I have a statement from the book, Steps to Christ, page 47, because it reminds me a little bit of the children of Israel: “You desire to give yourself to Him, but you are weak in moral power, in slavery to doubt, and controlled by the habits of your life of sin. Your promises and resolutions are like ropes of sand. You cannot control your thoughts, your impulses, your affections. The knowledge of your broken promises and forfeited pledges weakens your confidence in your own sincerity, and causes you to feel that God cannot accept you; but you need not despair. What you need to understand is the true force of the will. This is the governing power in the nature of man, the power of decision, or of choice. Everything depends on the right action of the will. The power of choice God has given to men; it is theirs to exercise. You cannot change your heart, you cannot of yourself give to God its affections; but you can choose to serve Him. You can give Him your will; He will then work in you to will and to do according to His good pleasure.”

Now, have we committed ourselves to God? I’d like to say that our whole being, as we think about our lives and all that we are, all that we have, we can basically sum this up into about three different fields that are very simple. Three different fields:

Commitment of Our Time

The first thing that we need to commit to God is our time. Of all the talents and things that have been entrusted to us, of none will we be required a more diligent accounting of than the time we use. Did you know that? Time is very important.

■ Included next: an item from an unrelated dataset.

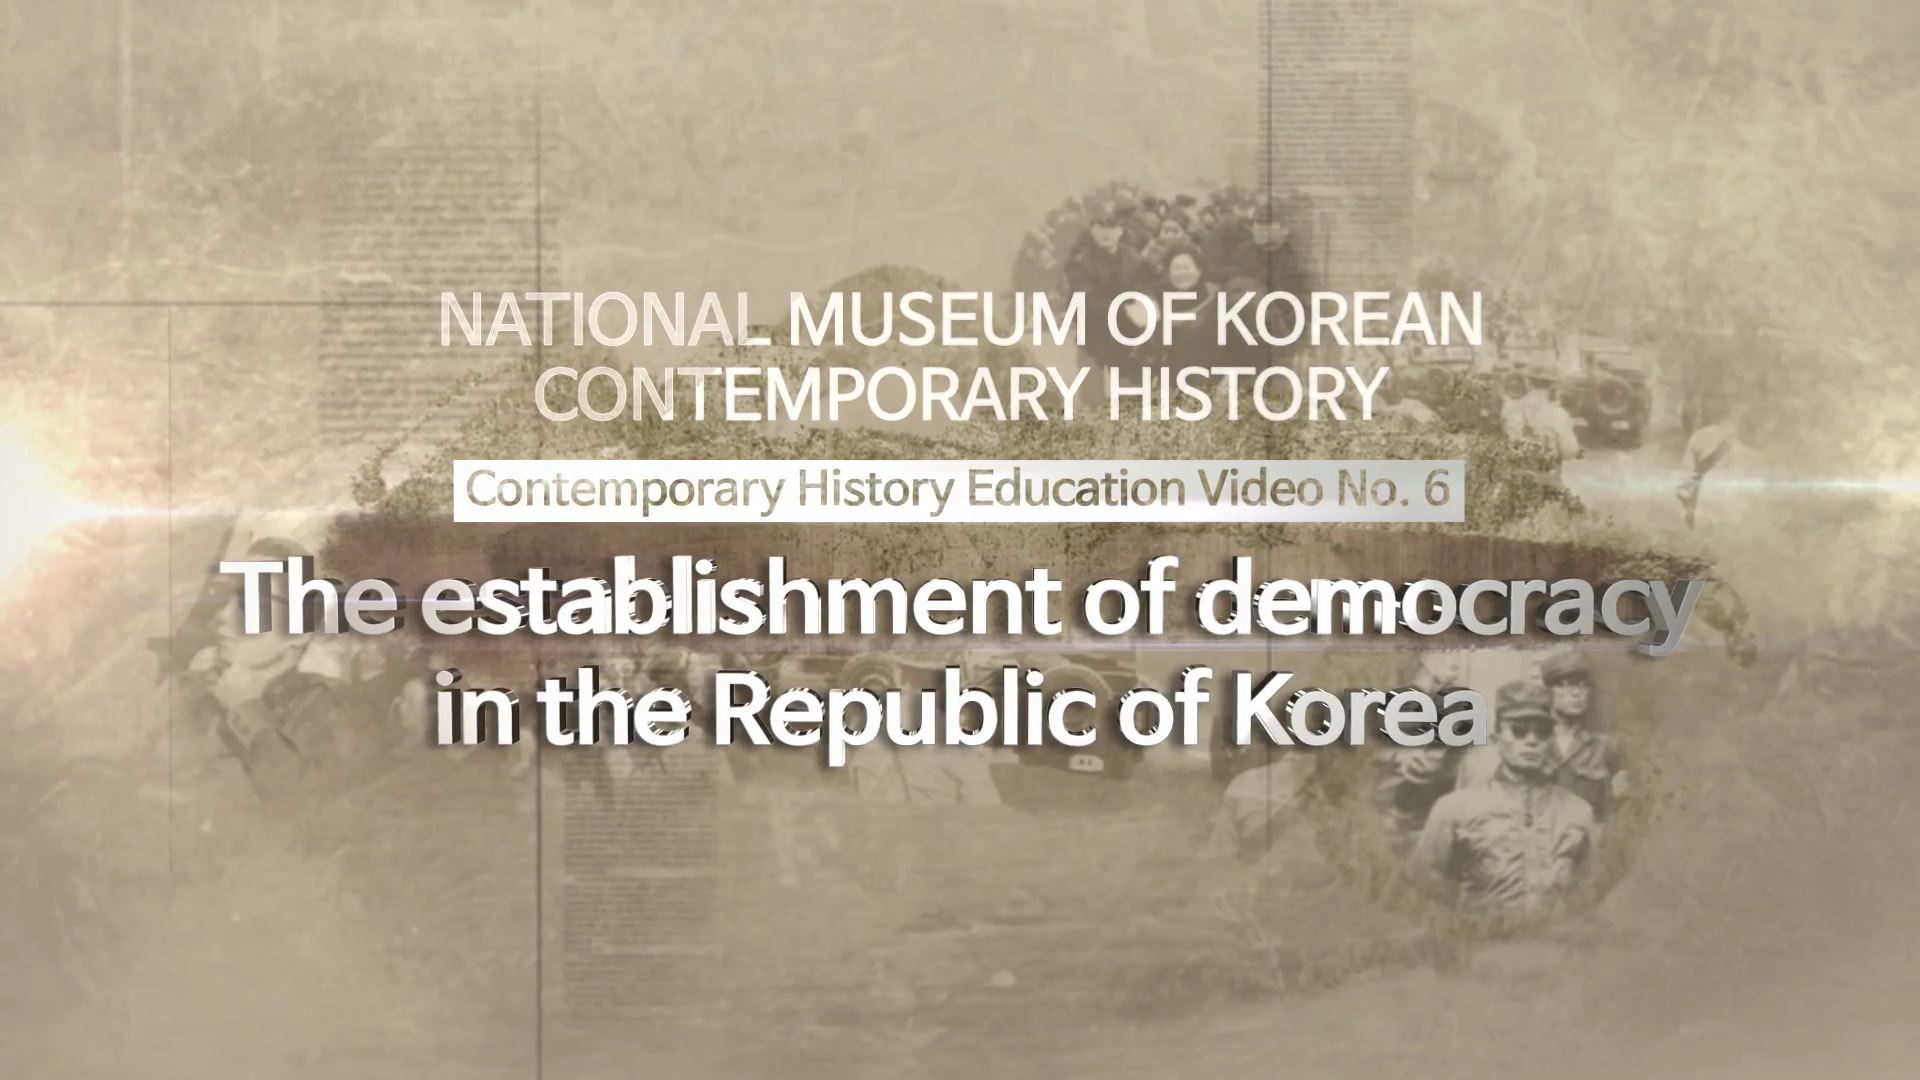 대한민국 민주주의의 확립
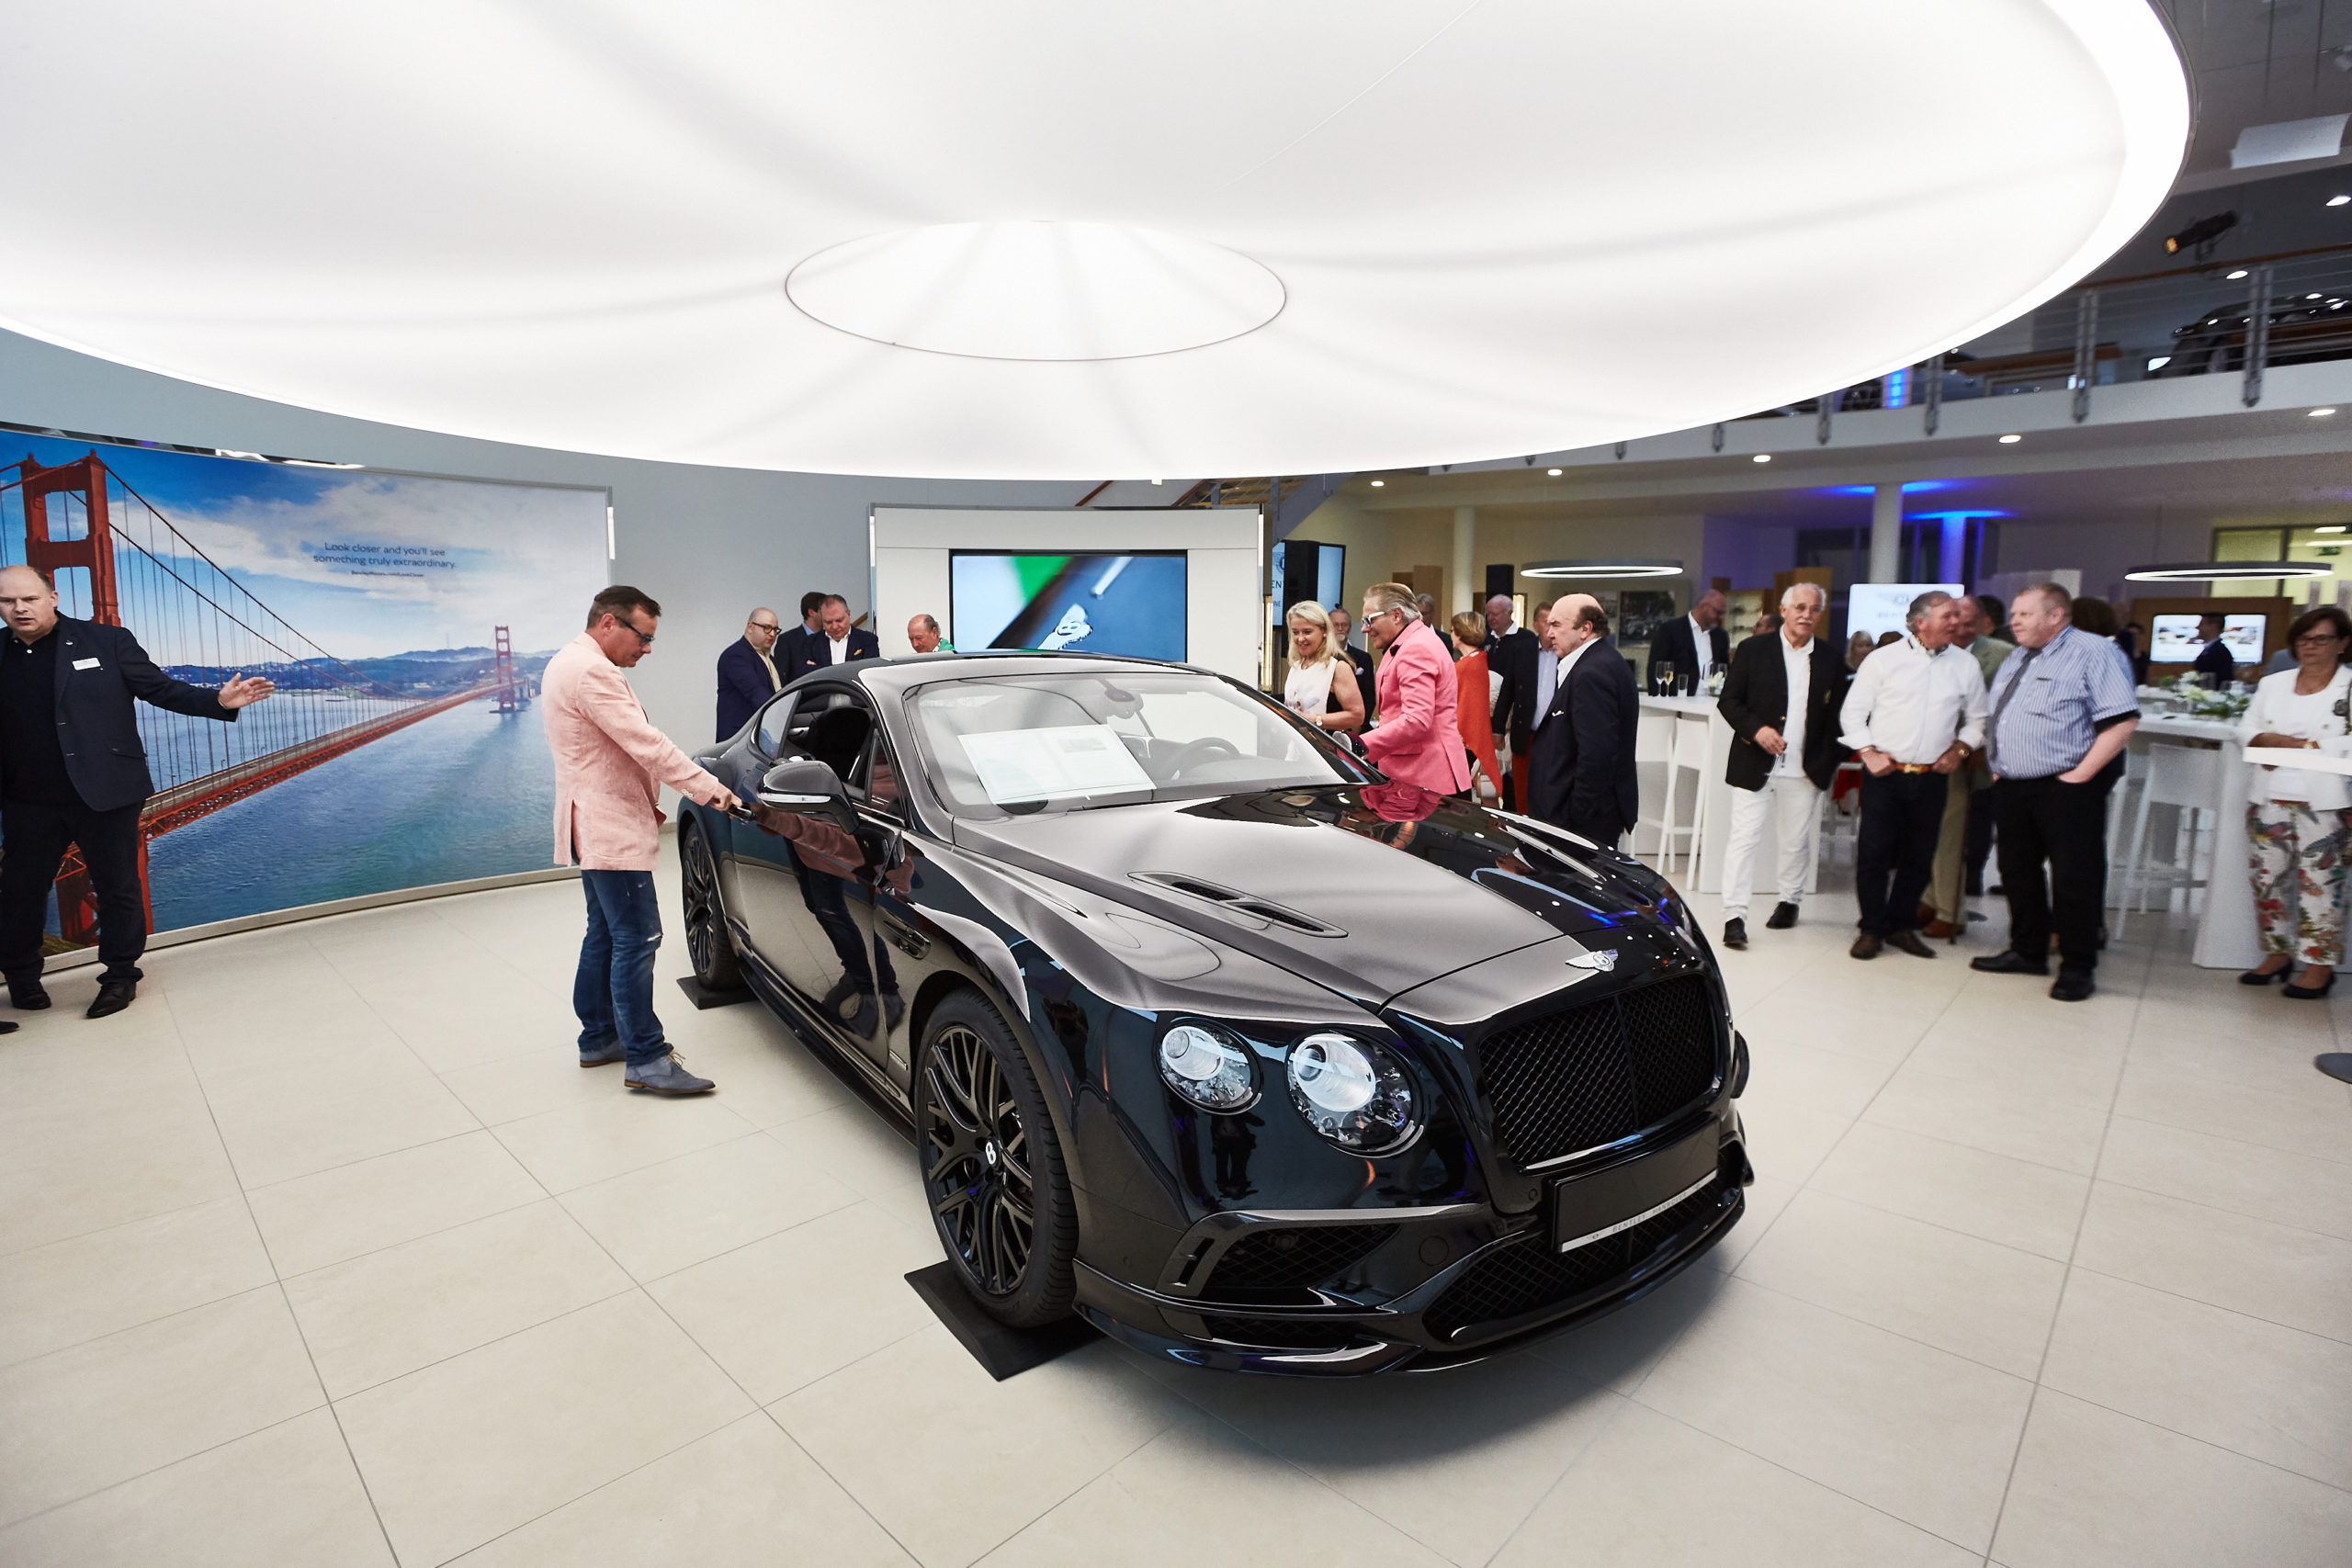 Schwarzer Rolls-Royce wird auf Event präsentiert

First of all, let’s talk about our personal time in devotion. There is a song in our hymn book, “Sweet Hour of Prayer,” but is it really just a few moments or two of prayer? Do we really take time to talk to God?

As most of you know, my wife has been sick with some serious respiratory trouble, and she is in Arizona now, trying to rehabilitate some. I’ve been going back and forth, commuting long distance. When I am home, Hans, Heidi, and I spend a lot of time on that phone each day talking to her. Do you know why? It is because we want to. We miss her. We love her and we want to talk to her. Now, if we really love God, friends, if we are really dedicated to Him, do you think that we are going to want to talk to Him? Do you think that we are going to want to hear what He has to say to us. Are we going to be listening to Him? We will not just read the Word, but study the Word to see what He has for us.

The first thing that we need to commit of our time to the Lord is our personal time to Him; even myself, as a minister. I can come to this camp meeting in Florida, I can spend a whole night driving down here, which we did, and I will spend most of tomorrow on the way back. I’ve put in time up front here. I’ve tried to make myself as available as I could to visit around, and even with the smaller group we have had this year, it has been hard. I can do all these things for the Lord, but am I really doing the most important thing that God wants me to do. I tell you, no, I’m not. If I don’t take time to personally commune with my God, then I have failed my commitment to Him.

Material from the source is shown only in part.